A new North Korean threat has emerged that is targeting open-source projects, with supply chain firms the key target. According to researchers at security firm Socket, affected entities are at risk of losing “package registry, source code, cloud, and CI/CD credentials.”
The cyber campaign detailed by Socket is being referred to as PolinRider, and it has been active since at least December 2025. It’s been prolific in that time, with Socket identifying “162 malicious release artifacts across 108 packages and extensions in npm, Packagist, Go modules, and Chrome extensions.”
The attack centers on a JavaScript malware loader that links with blockchain and RPC frameworks to call down additional payloads onto the infected machine. These payloads include the DEV#POPPER Remote Access Trojan (RAT) and OmniStealer, a malware strain capable of exfiltrating user credentials, digital wallets, and more.
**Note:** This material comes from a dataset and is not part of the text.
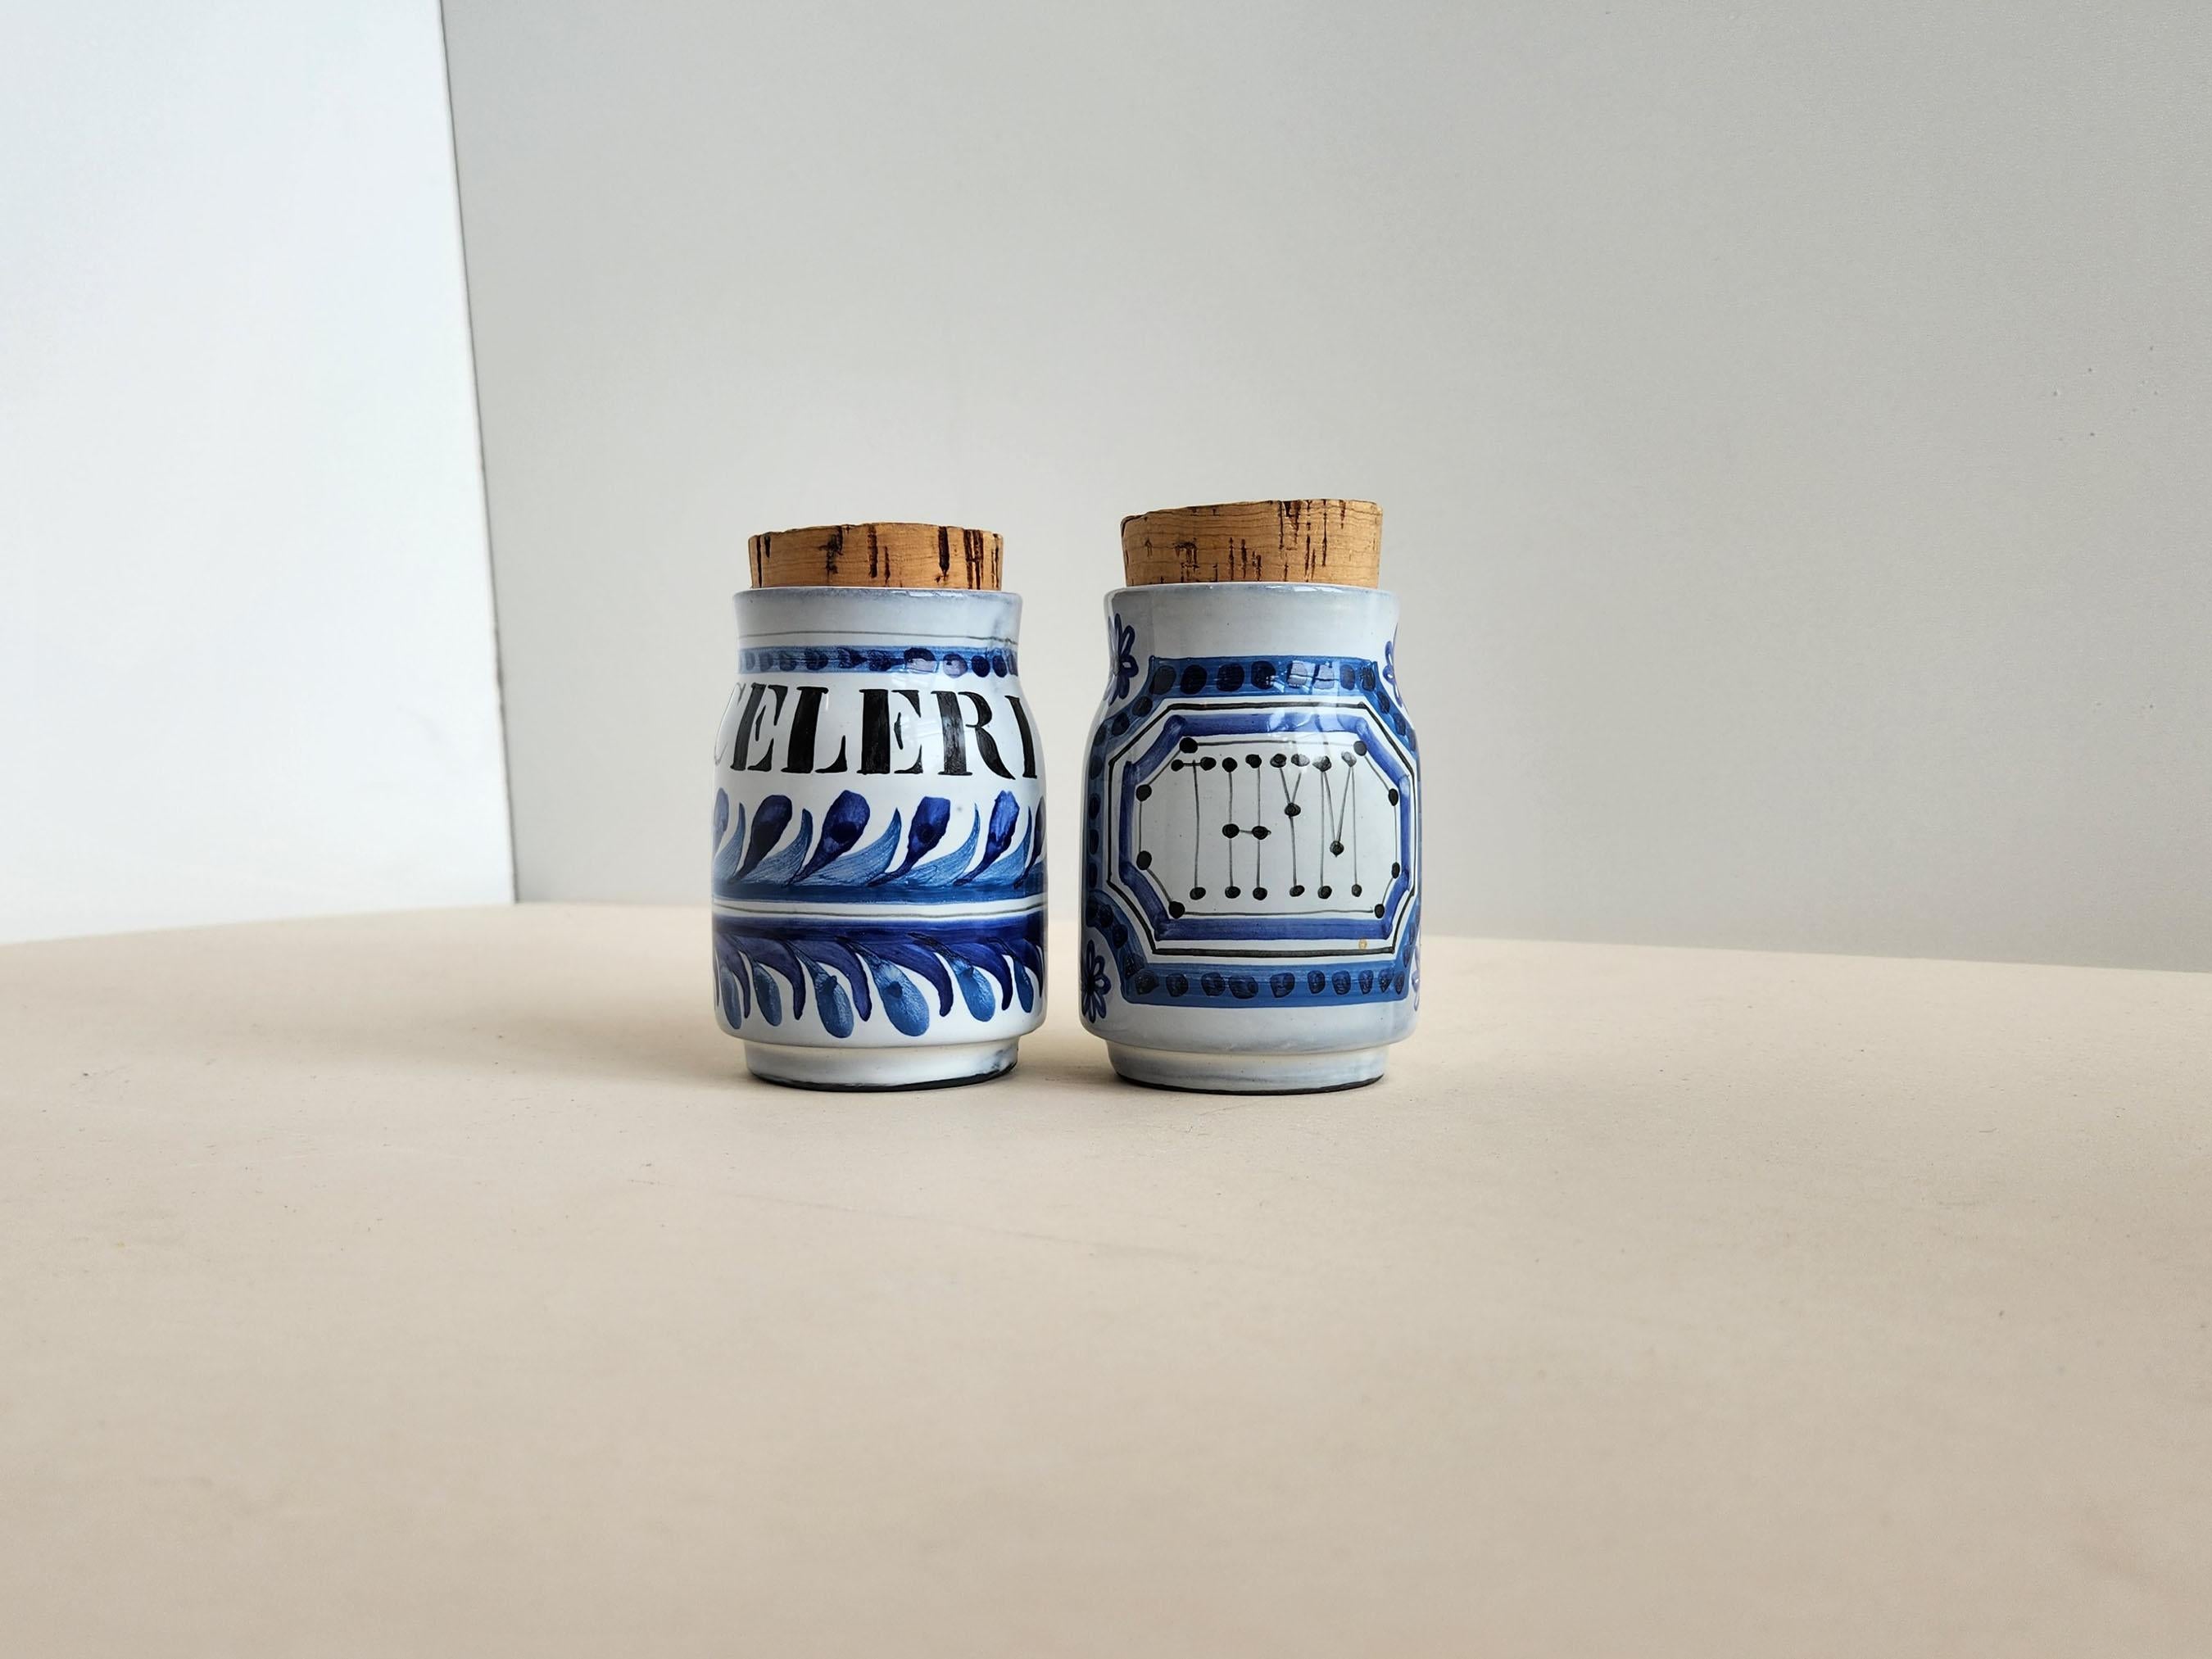 Vintage Keramikgefäße mit Korkdeckeln für Sellerie und Thymian von Roger Capron - Vallauris, Frankreich

Roger Capron war ein einflussreicher französischer Keramiker, der für seine Kacheltische und die Verwendung wiederkehrender Motive wie

Yet because PolinRider utilizes an embedded loader, Socket warned that the list of payloads could be expanded at will.
A key aspect of the attackers’ plan is to plant obfuscated JavaScript loaders inside legitimate GitHub repositories, obscuring their true purpose using whitespace padding or bogus .woff2 font files that push the malicious code off the user’s default screen width. They then hide their Git changes using history rewriting to make them appear older, — and thus less suspicious, — than they actually are.
So, what can you do?
Since the campaign is still active, Socket cautioned that “new malicious packages are likely to continue appearing as threat actors compromise maintainer accounts, modify legitimate repositories, and publish infected package versions where they retain or obtain registry access.”
In other words, this threat isn’t going anywhere any time soon, meaning heightened awareness and robust security procedures are a must. If you’ve installed any of the affected packages, you need to “treat the installing environment as potentially compromised,” Socket explained.
Socket advised that “defenders should review repository activity logs, package release metadata, VS Code task configuration, and suspicious changes to configuration files.” Simply checking the project’s GitHub commit history isn’t enough given the campaign’s use of history rewriting to obscure changes cloaking tactics.
“Teams that installed affected package versions should treat the environment as compromised,” Socket noted. The organization added that users should “preserve forensic artifacts, rebuild from known-good lockfiles, rotate exposed secrets from a clean machine, and audit developer workstations and repositories for hidden execution paths.”